**EXERCISE DATA**
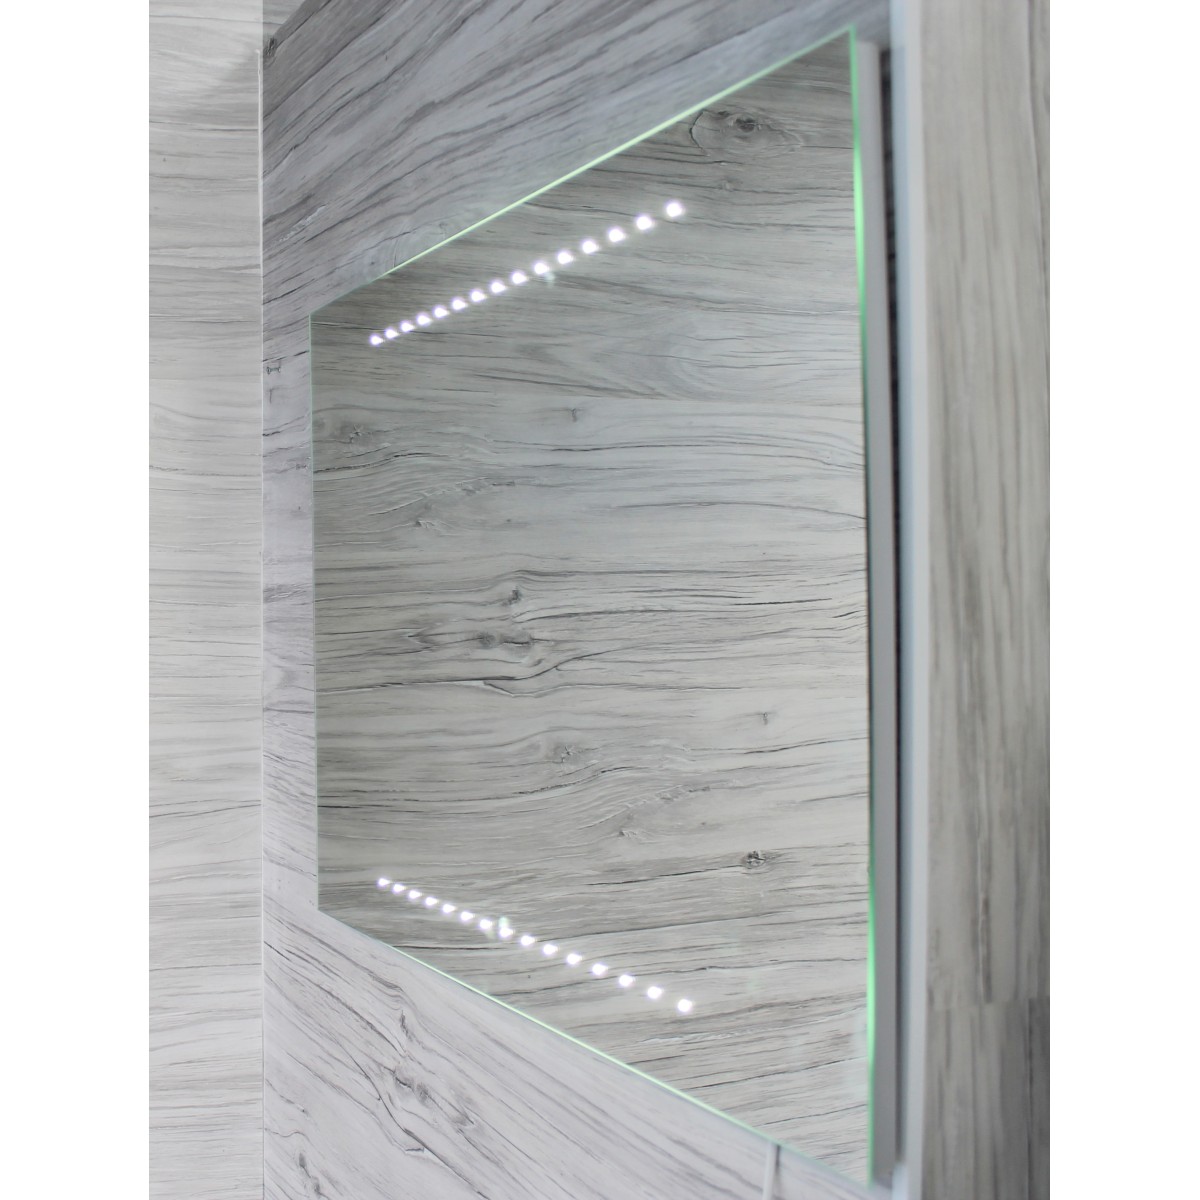 Specchio da bagno 60 x 80 cm( L x H) con luci led
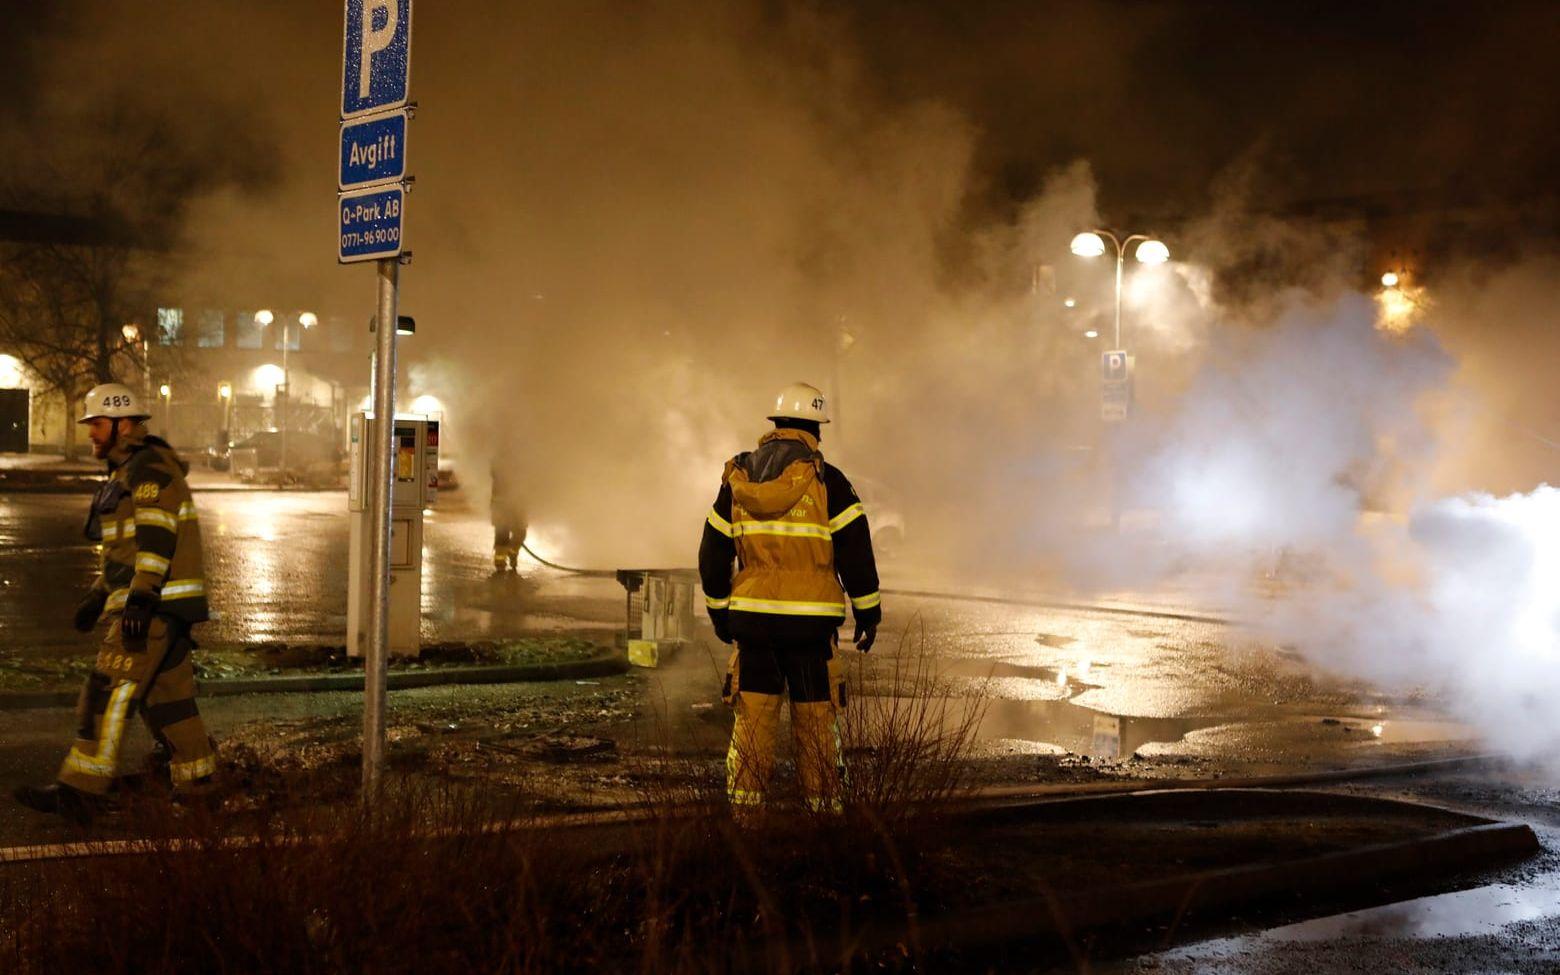 Totalt ska nio brandbilar vara på plats i Rinkeby. Bild: TT
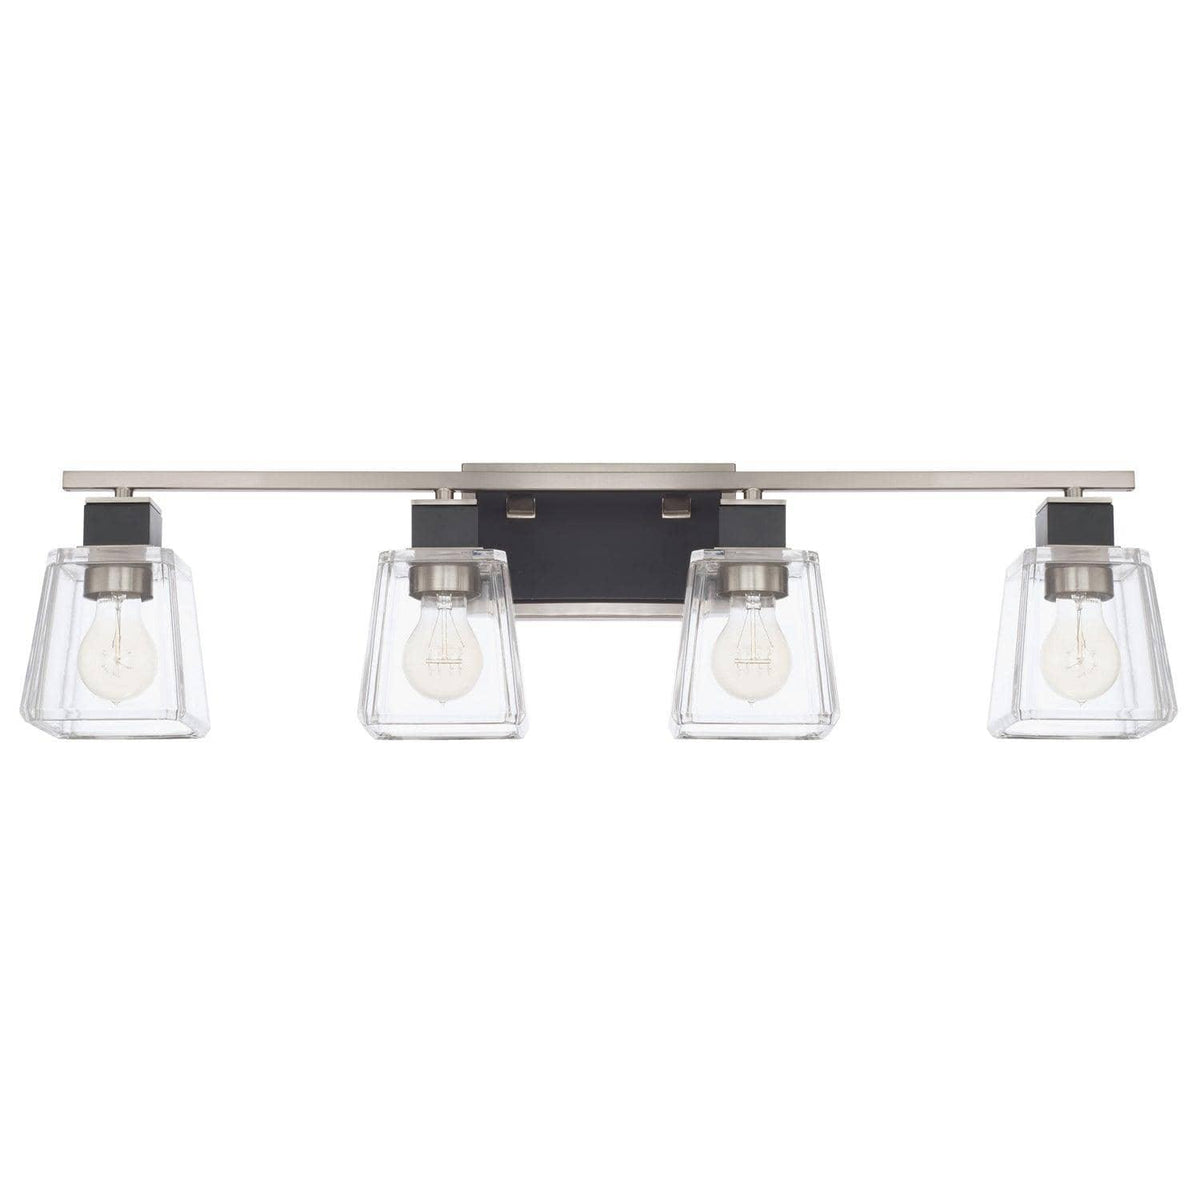 Capital Lighting Fixture Company - Tux Vanity - 125241BT-445 | Montreal Lighting & Hardware
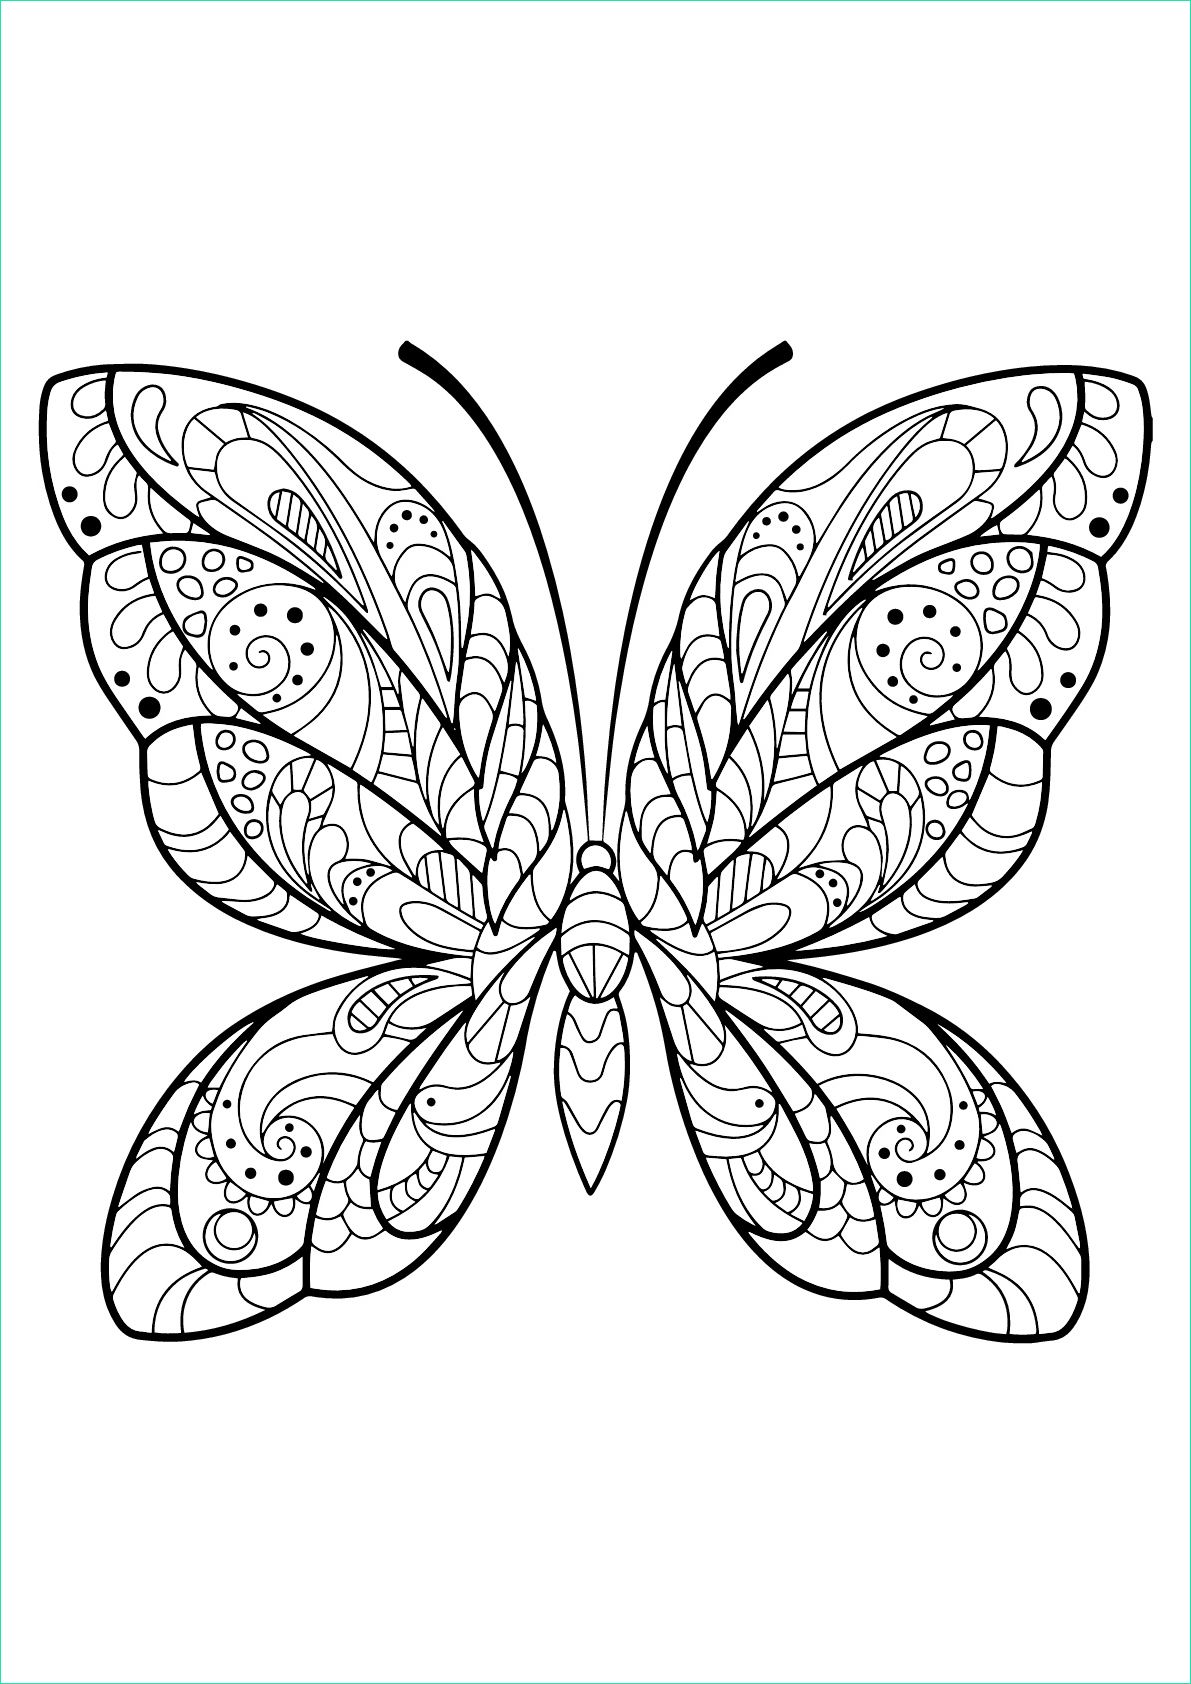 Coloriage à Imprimer Papillon Beau Galerie Image De Papillons à Imprimer Et Colorier Coloriage De

**WHAT IS REQUIRED**
Word for word, return the material, omitting the pictures.

**SOLUTION BELOW**
 Specchio da bagno 60 x 80 cm( L x H) con luci led
 Totalt ska nio brandbilar vara på plats i Rinkeby. Bild: TT
 Capital Lighting Fixture Company - Tux Vanity - 125241BT-445 | Montreal Lighting & Hardware
 Coloriage à Imprimer Papillon Beau Galerie Image De Papillons à Imprimer Et Colorier Coloriage De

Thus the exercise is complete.